Holisme de confirmation
En philosophie des sciences, le holisme de confirmation, également appelé holisme confirmationnel ou holisme épistémologique, est l'opinion selon laquelle aucune affirmation individuelle ne peut être confirmée ou infirmée par un test empirique, mais plutôt que seul un ensemble d'affirmations (une théorie entière) peut l'être. Il est attribué à Willard Van Orman Quine qui motive son holisme en étendant le problème de sous-détermination de Pierre Duhem en théorie physique à toutes les revendications de connaissance[1],[2].
L'idée de Duhem est, en gros, qu'aucune théorie, quelle qu'elle soit, ne peut être testée isolément, mais seulement lorsqu'elle est intégrée dans un contexte d'autres hypothèses, par exemple des hypothèses sur les conditions initiales. Quine pense que ce contexte implique non seulement de telles hypothèses, mais aussi tout notre réseau de croyances, qui comprend, entre autres, nos théories mathématiques et logiques et nos théories scientifiques. Cette dernière affirmation est parfois connue sous le nom de thèse Duhem-Quine[3] .
Une affirmation connexe de Quine, bien que contestée par certains (voir Adolf Grünbaum 1962)[4], est qu'on peut toujours protéger sa théorie contre la réfutation en attribuant l'échec à une autre partie de notre réseau de croyances. Selon ses propres mots, "Toute déclaration peut être considérée comme vraie quoi qu'il arrive (en), si nous procédons à des ajustements suffisamment drastiques ailleurs dans le système"[1].

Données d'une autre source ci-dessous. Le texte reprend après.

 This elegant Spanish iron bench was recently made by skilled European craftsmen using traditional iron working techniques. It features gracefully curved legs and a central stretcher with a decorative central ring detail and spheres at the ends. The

Sous-détermination en théorie physique
modifierEn 1845, les astronomes découvrent que l’orbite de la planète Uranus autour du Soleil s’écarte des attentes. Cependant, sans conclure que la loi de la gravitation universelle de Newton est erronée, les astronomes John Couch Adams et Urbain Le Verrier prédisent indépendamment une nouvelle planète, finalement connue sous le nom de Neptune, et calculent même son poids et son orbite grâce à la théorie de Newton. Et pourtant, ce succès empirique de la théorie de Newton n'a pas non plus vérifié la théorie de Newton.

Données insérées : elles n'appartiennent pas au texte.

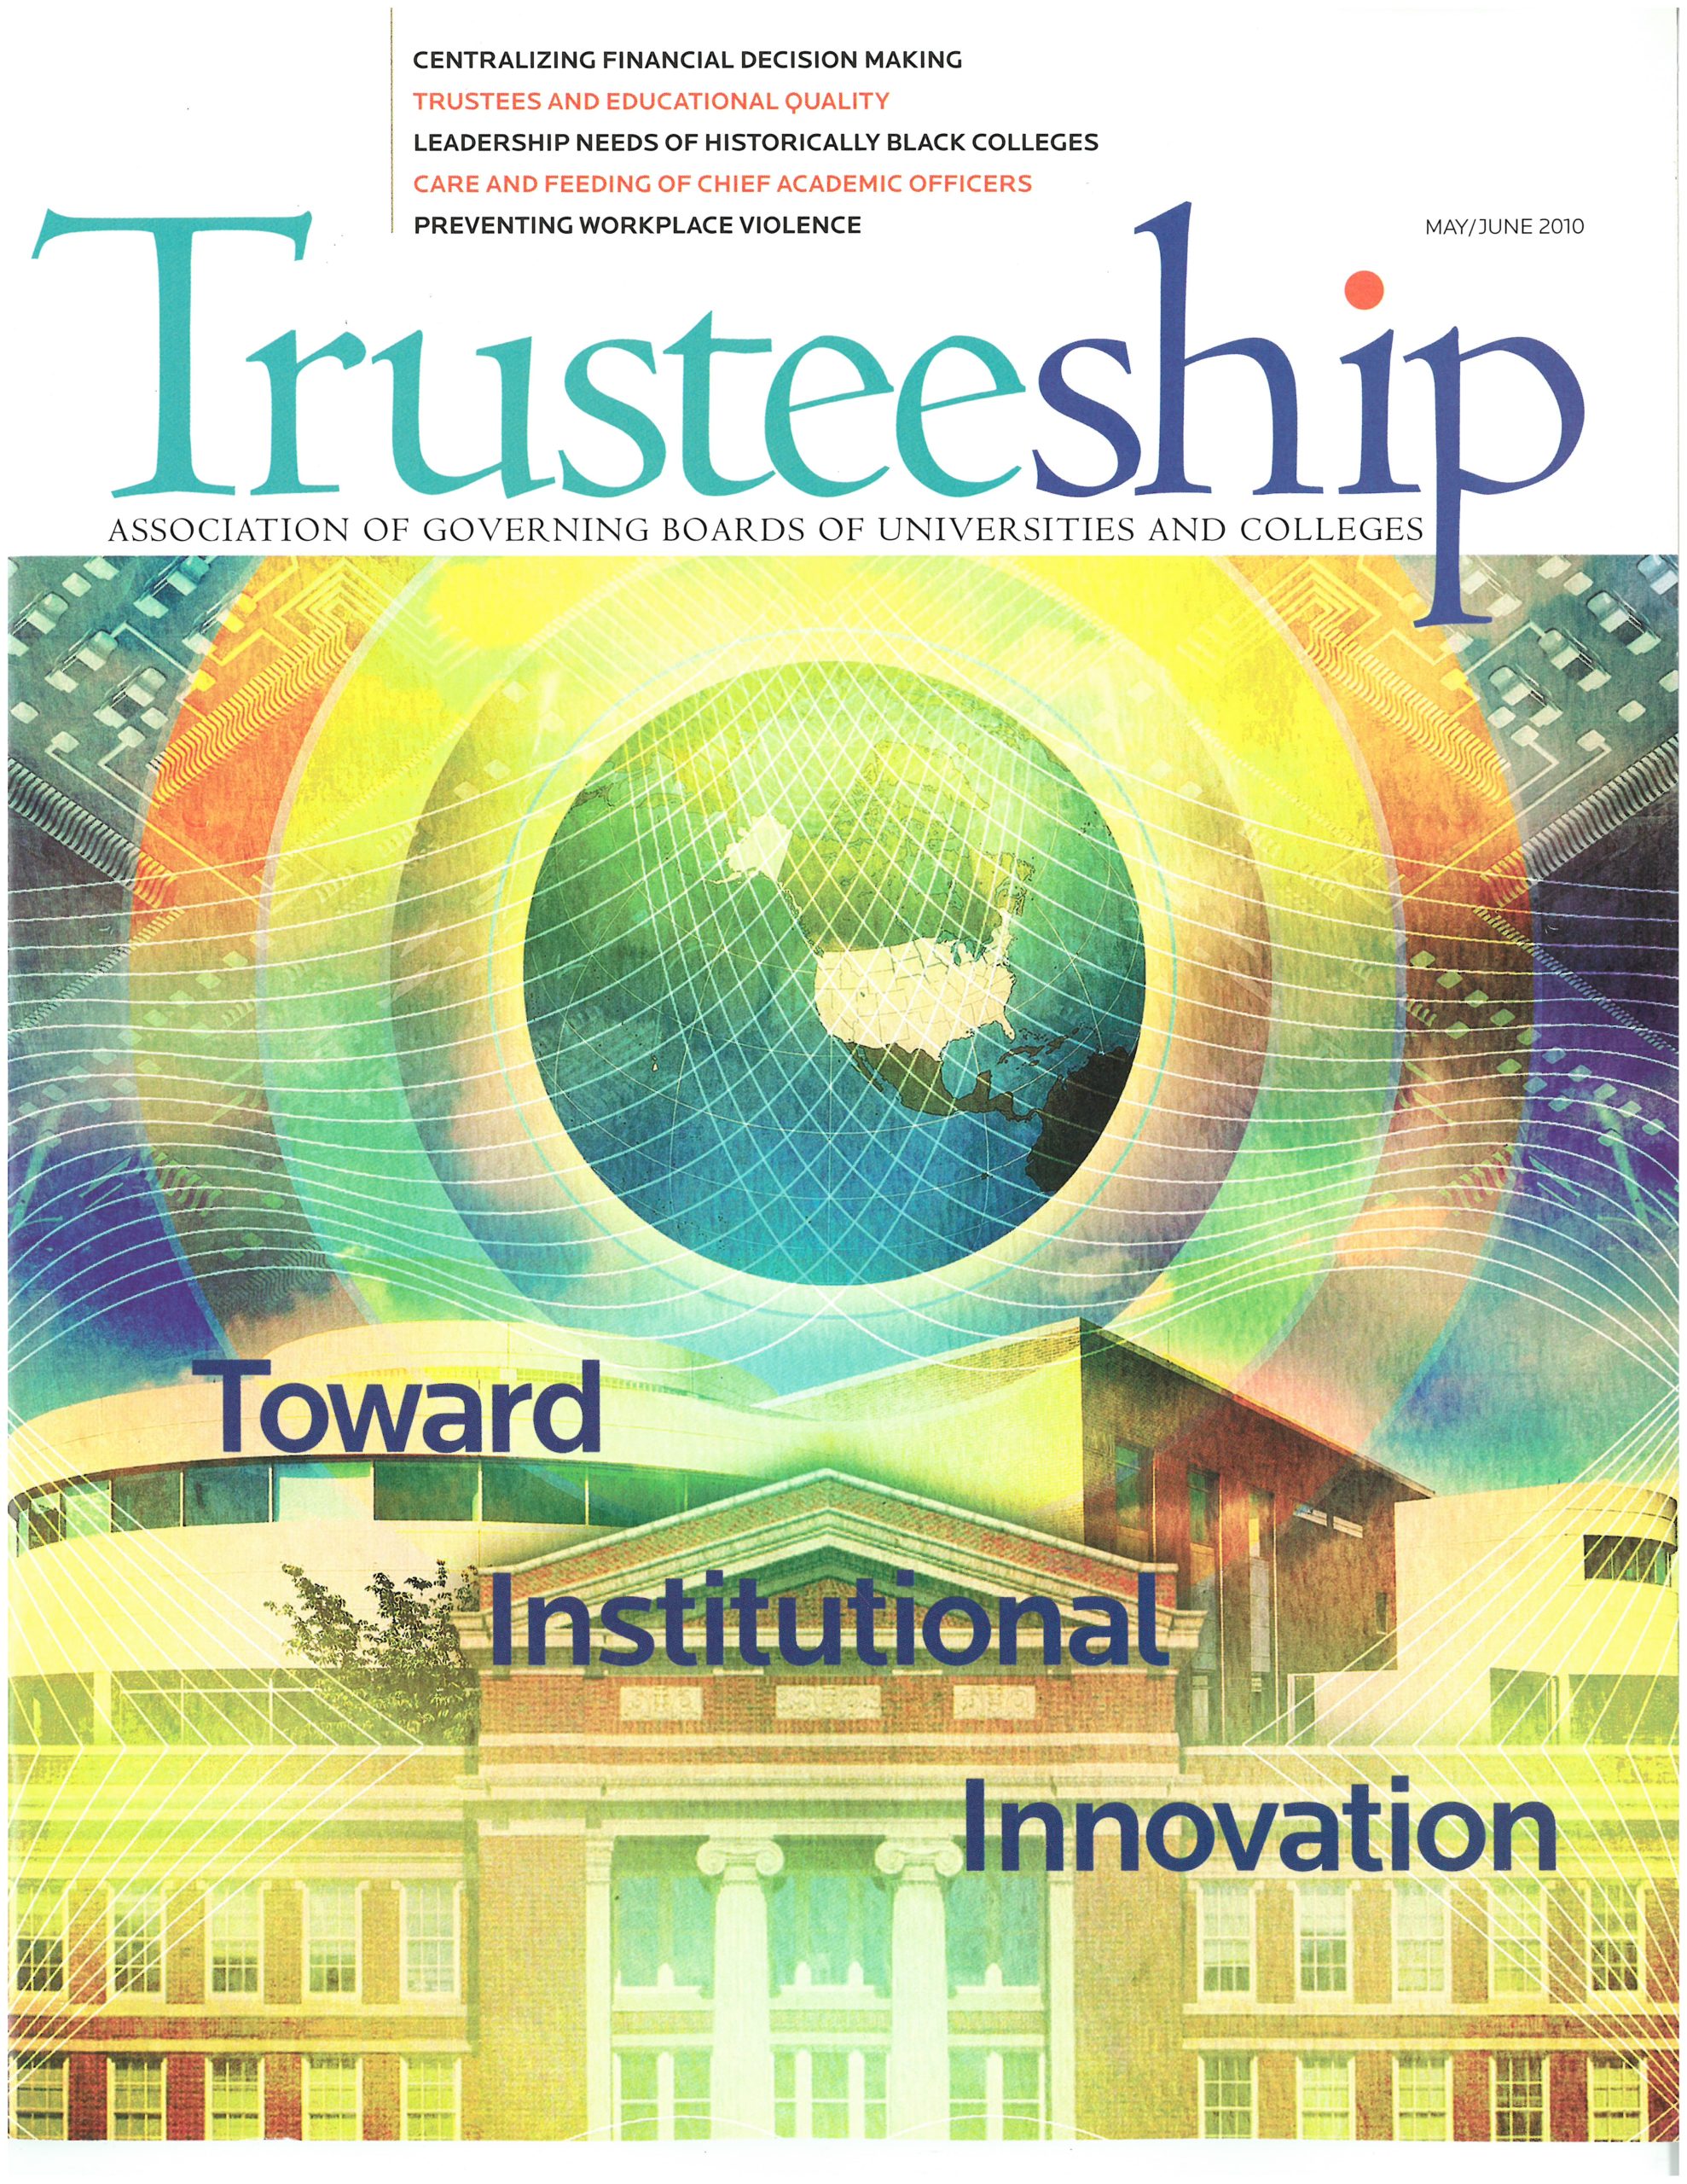 AGB Trusteeship Magazine May/June 2010 with cover article "Toward Institutional Innovation"

Le Verrier rapporte que le périhélie de Mercure – le sommet de son ellipse orbitale la plus proche du Soleil – avance à chaque fois que Mercure complète une orbite, un phénomène non prédit par la théorie de Newton, dans laquelle les astrophysiciens sont si confiants qu'ils prédisent une nouvelle planète. nommé Vulcain, qu'un certain nombre d'astronomes prétendirent par la suite avoir vue. En 1905, cependant, la théorie de la relativité restreinte d'Einstein affirme que l'espace et le temps sont tous deux relatifs, réfutant le cadre même de la théorie de Newton qui affirme que l'espace et le temps sont tous deux absolus.

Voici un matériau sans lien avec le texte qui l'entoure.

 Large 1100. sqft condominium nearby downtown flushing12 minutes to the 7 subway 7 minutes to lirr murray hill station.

En 1915, la théorie de la relativité générale d'Einstein explique la gravitation tout en prédisant avec précision l'orbite de Mercure. En 1919, l'astrophysicien Arthur Eddington mène une expédition pour tester la prédiction d'Einstein selon laquelle la masse du Soleil remodèlerait l'espace-temps à proximité. La Royal Society annonce une confirmation – acceptée par les physiciens comme la chute de la théorie de Newton. Pourtant, peu de physiciens théoriciens croient que la relativité générale est une description fondamentalement précise de la gravitation et recherchent plutôt une théorie de la gravité quantique[5].
Holisme total ou partiel
modifierCertains chercheurs, comme Quine, soutiennent que si une prédiction formulée par une théorie s'avère vraie, alors l'élément de preuve correspondant confirme la théorie dans son ensemble et même l'ensemble du cadre dans lequel cette théorie est ancrée. Certains ont remis en question cette forme radicale ou totale de holisme confirmationnel. Si le holisme total était vrai, affirment-ils, cela entraînerait des conséquences absurdes comme la confirmation de conjonctions arbitraires. Par exemple, si la théorie de la relativité générale est confirmée par le périhélie de Mercure, alors, selon le holisme total, la conjonction de la théorie de la relativité générale avec l'affirmation selon laquelle la lune est faite de fromage est également confirmée. De manière plus controversée, les deux conjonctions sont censées être confirmées dans une mesure égale.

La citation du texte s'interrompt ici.